▸ Records provided:
---

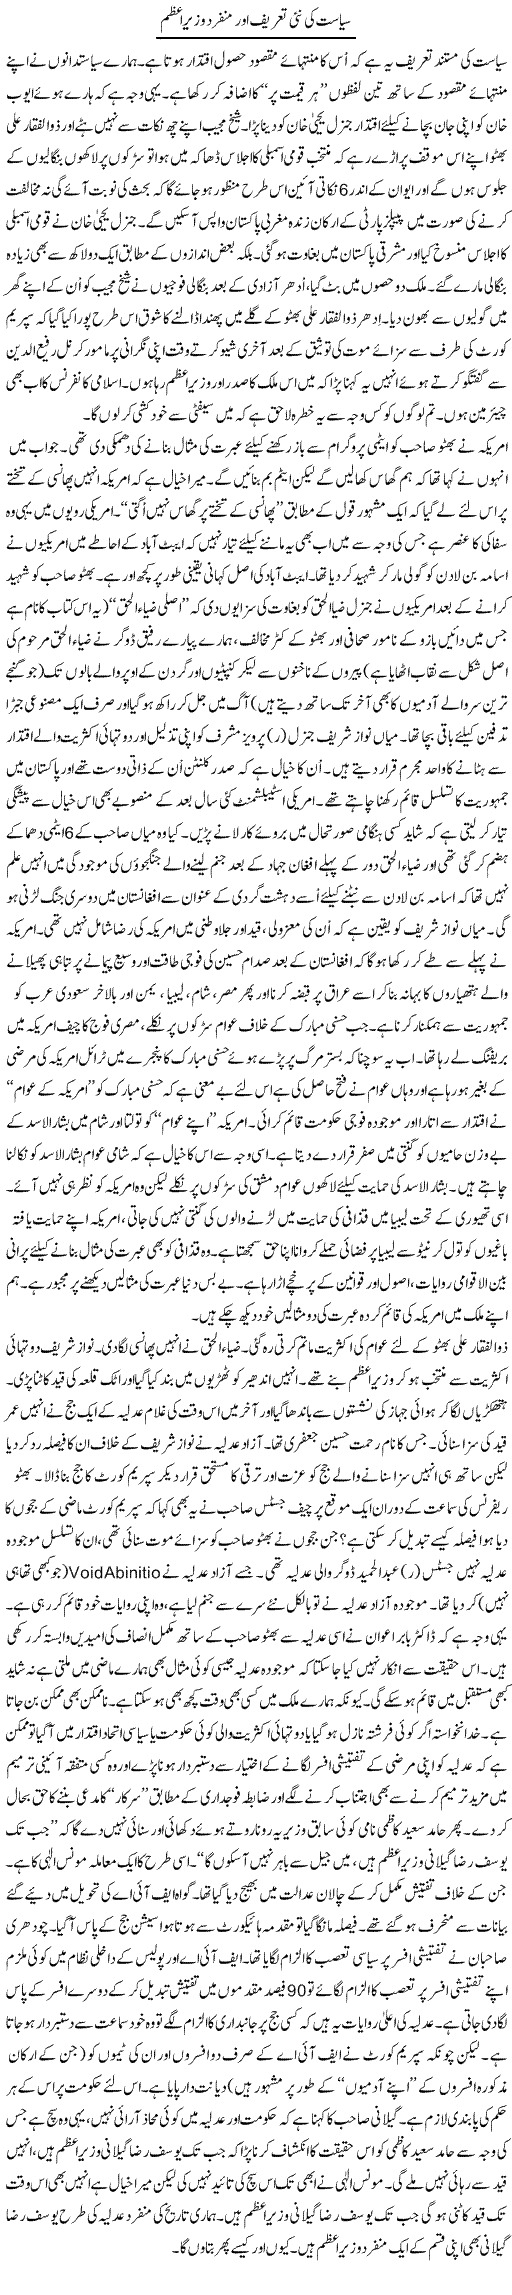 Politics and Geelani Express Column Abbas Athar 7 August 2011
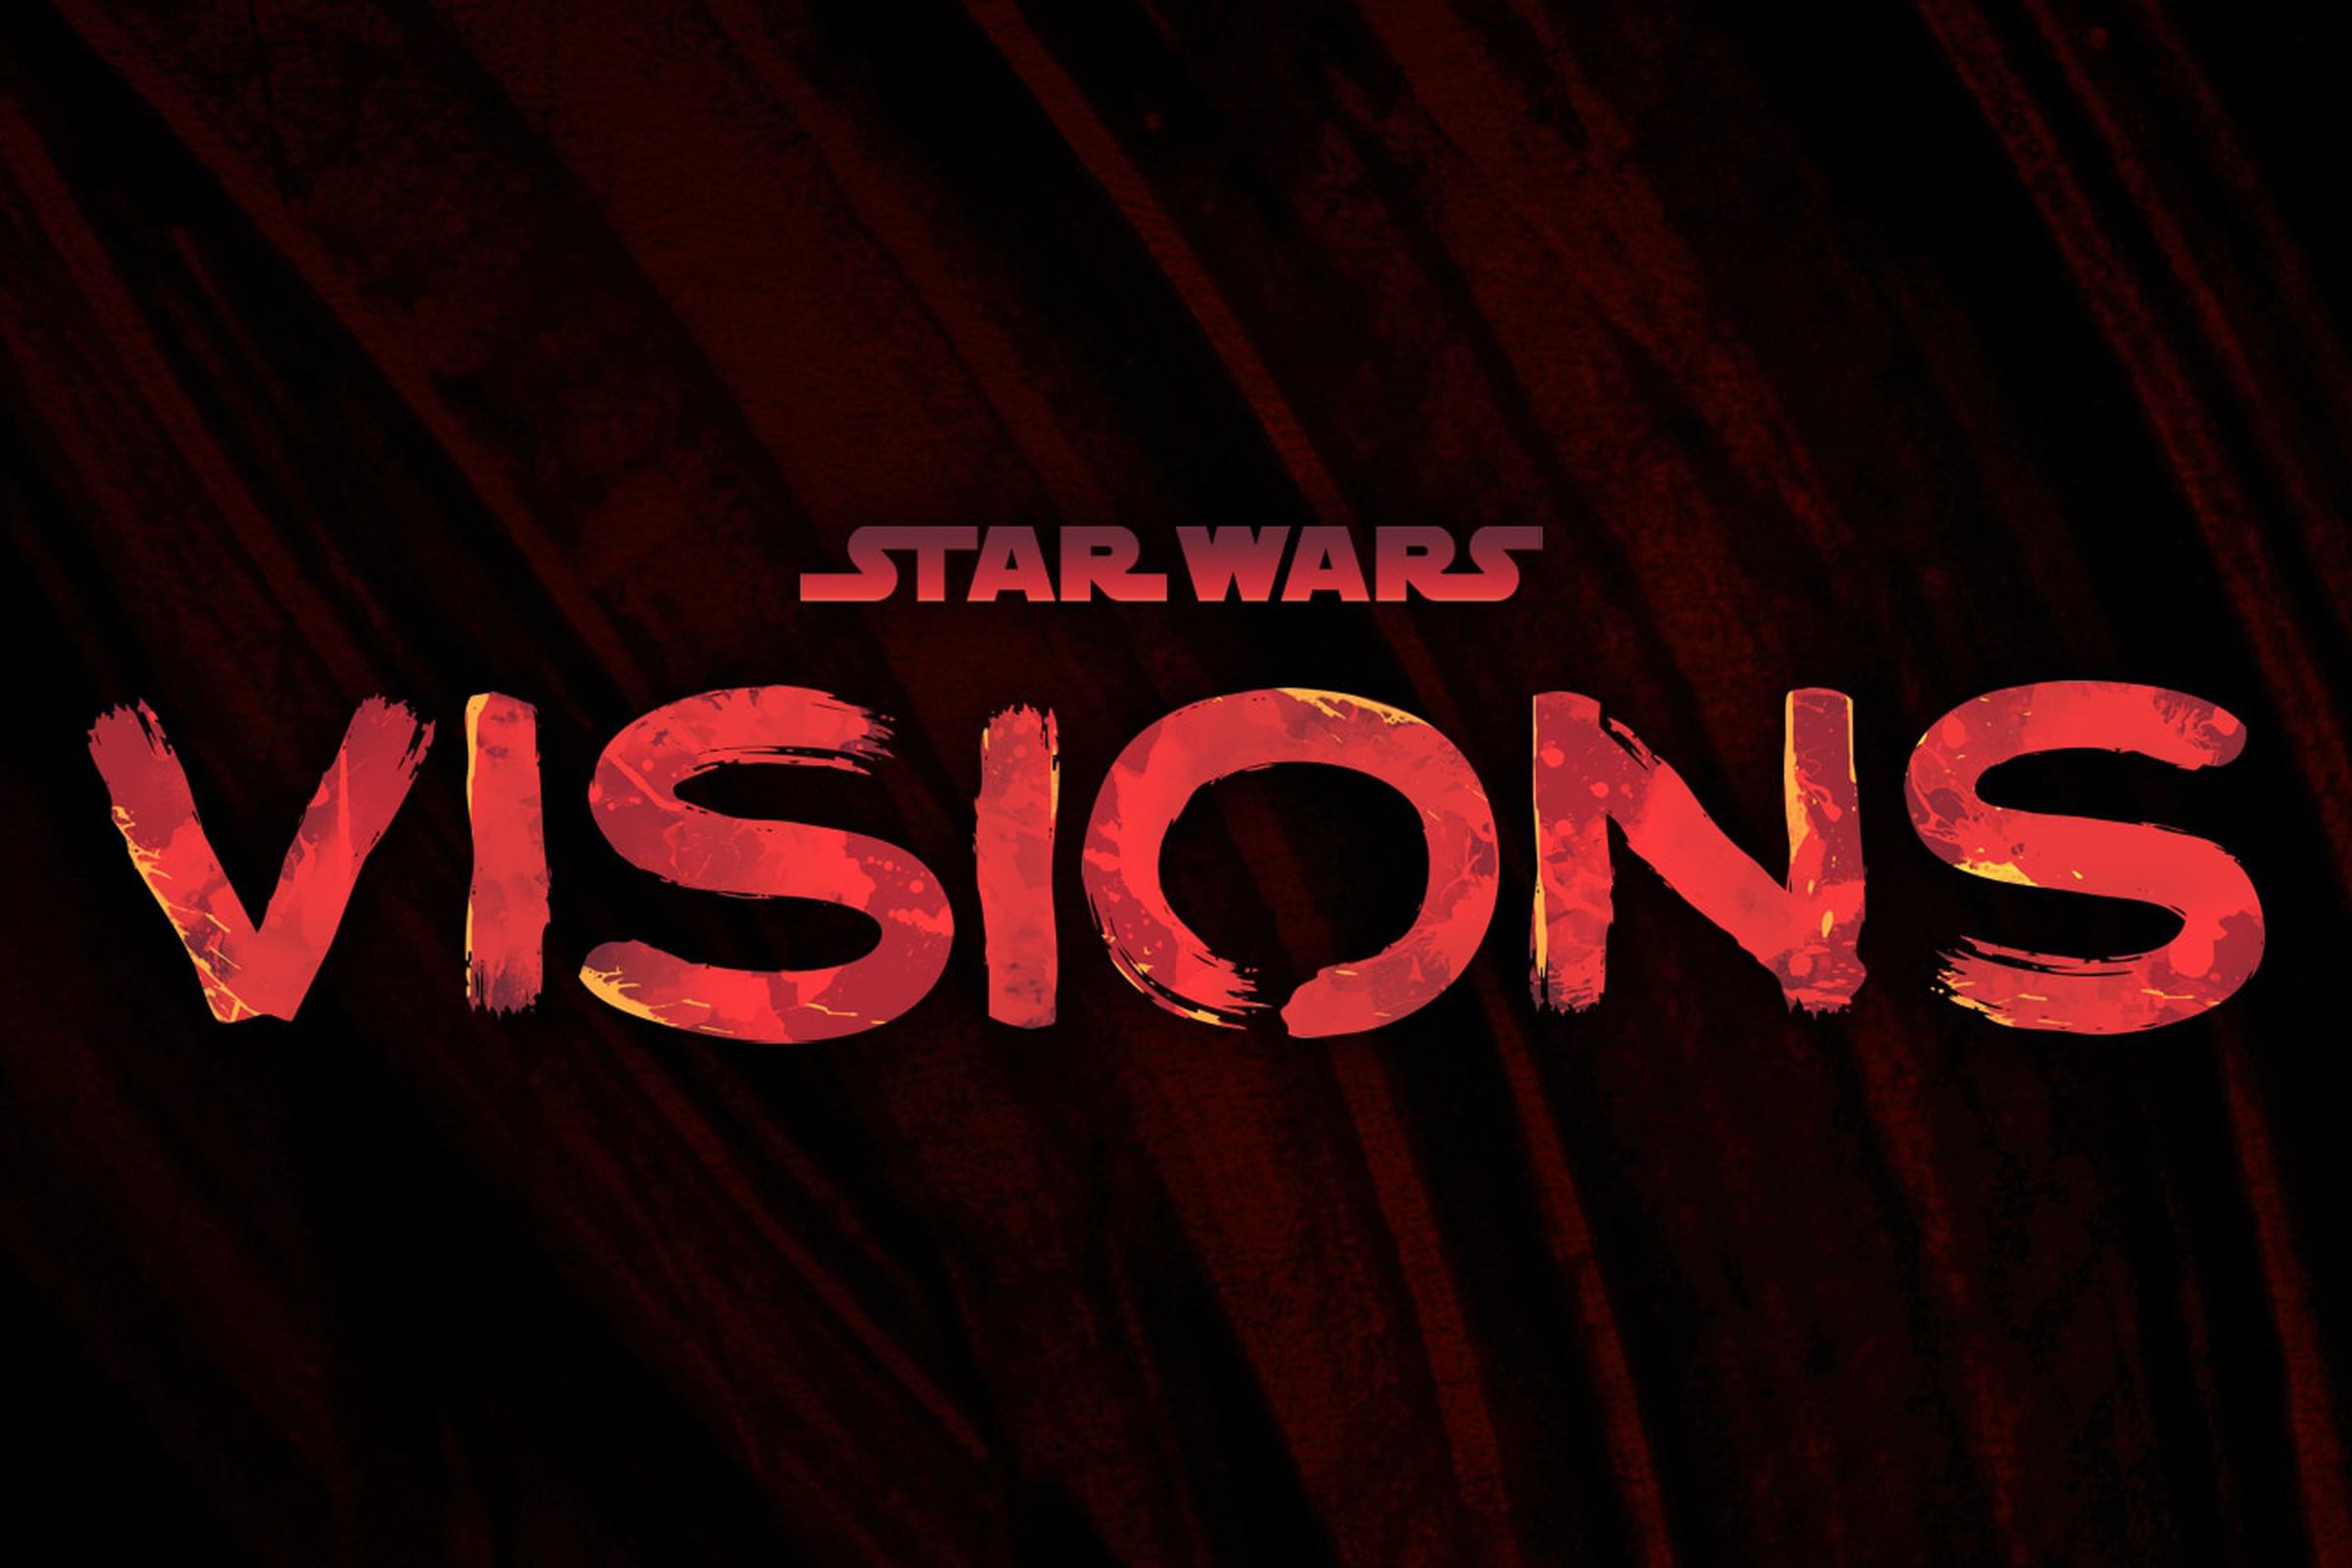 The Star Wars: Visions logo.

---

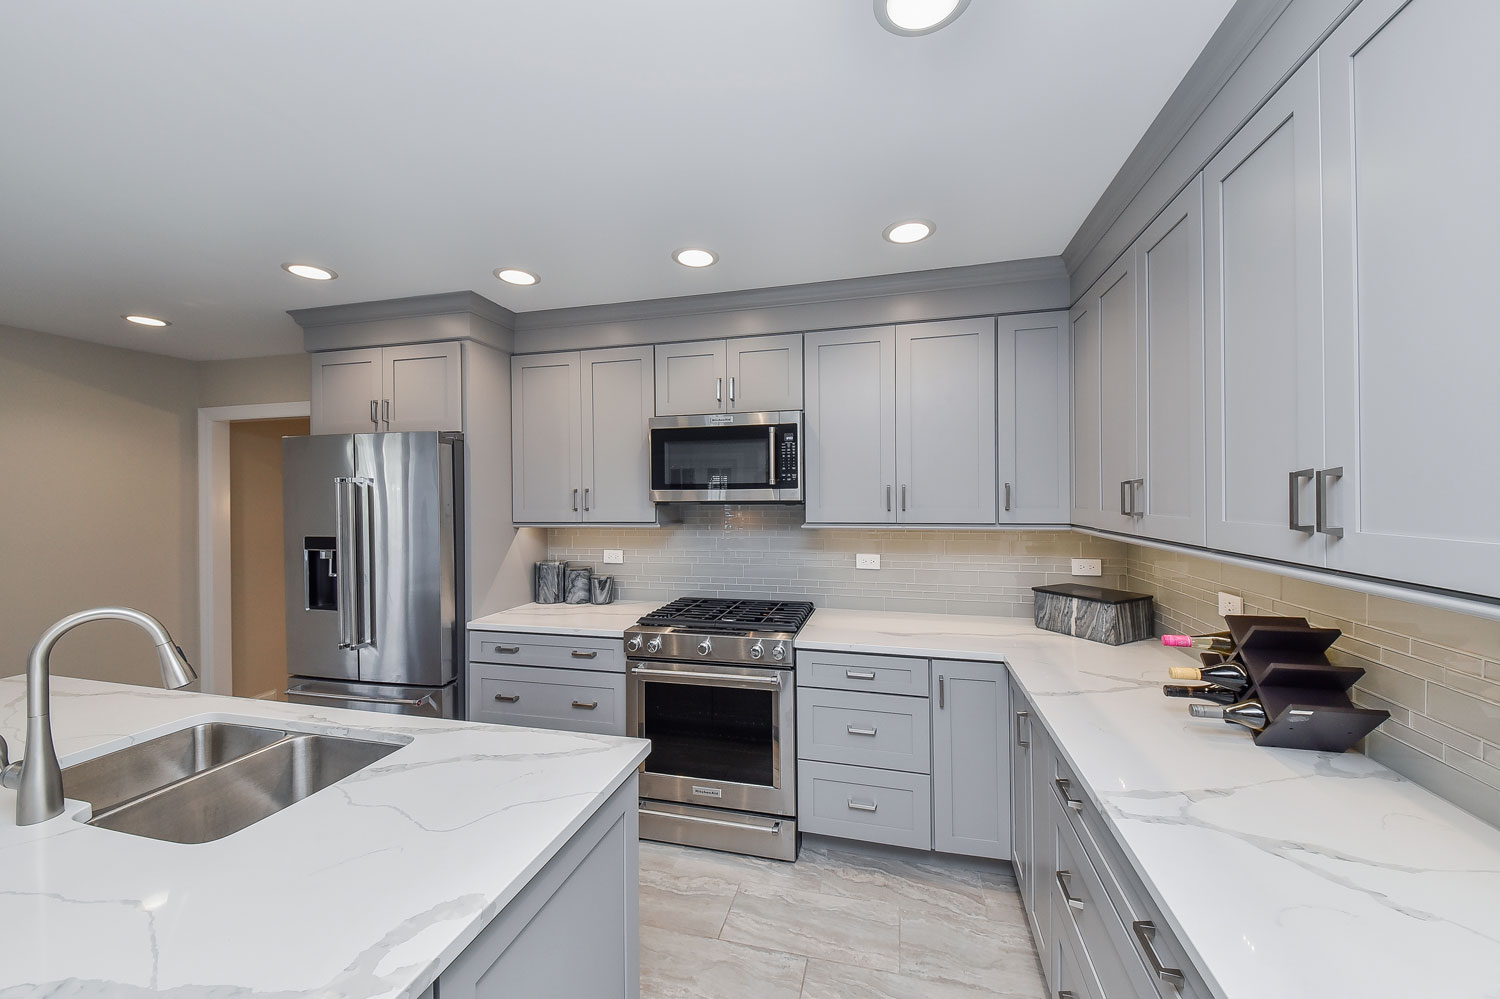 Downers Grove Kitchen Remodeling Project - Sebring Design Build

---

▸ Problem description: Copy exactly, without pictures, the lines above from the one with "Politics and Geelani" down to the one with "The Star Wars: Visions logo.", inclusive.

▸ Your solution:
 Politics and Geelani Express Column Abbas Athar 7 August 2011
 The Star Wars: Visions logo.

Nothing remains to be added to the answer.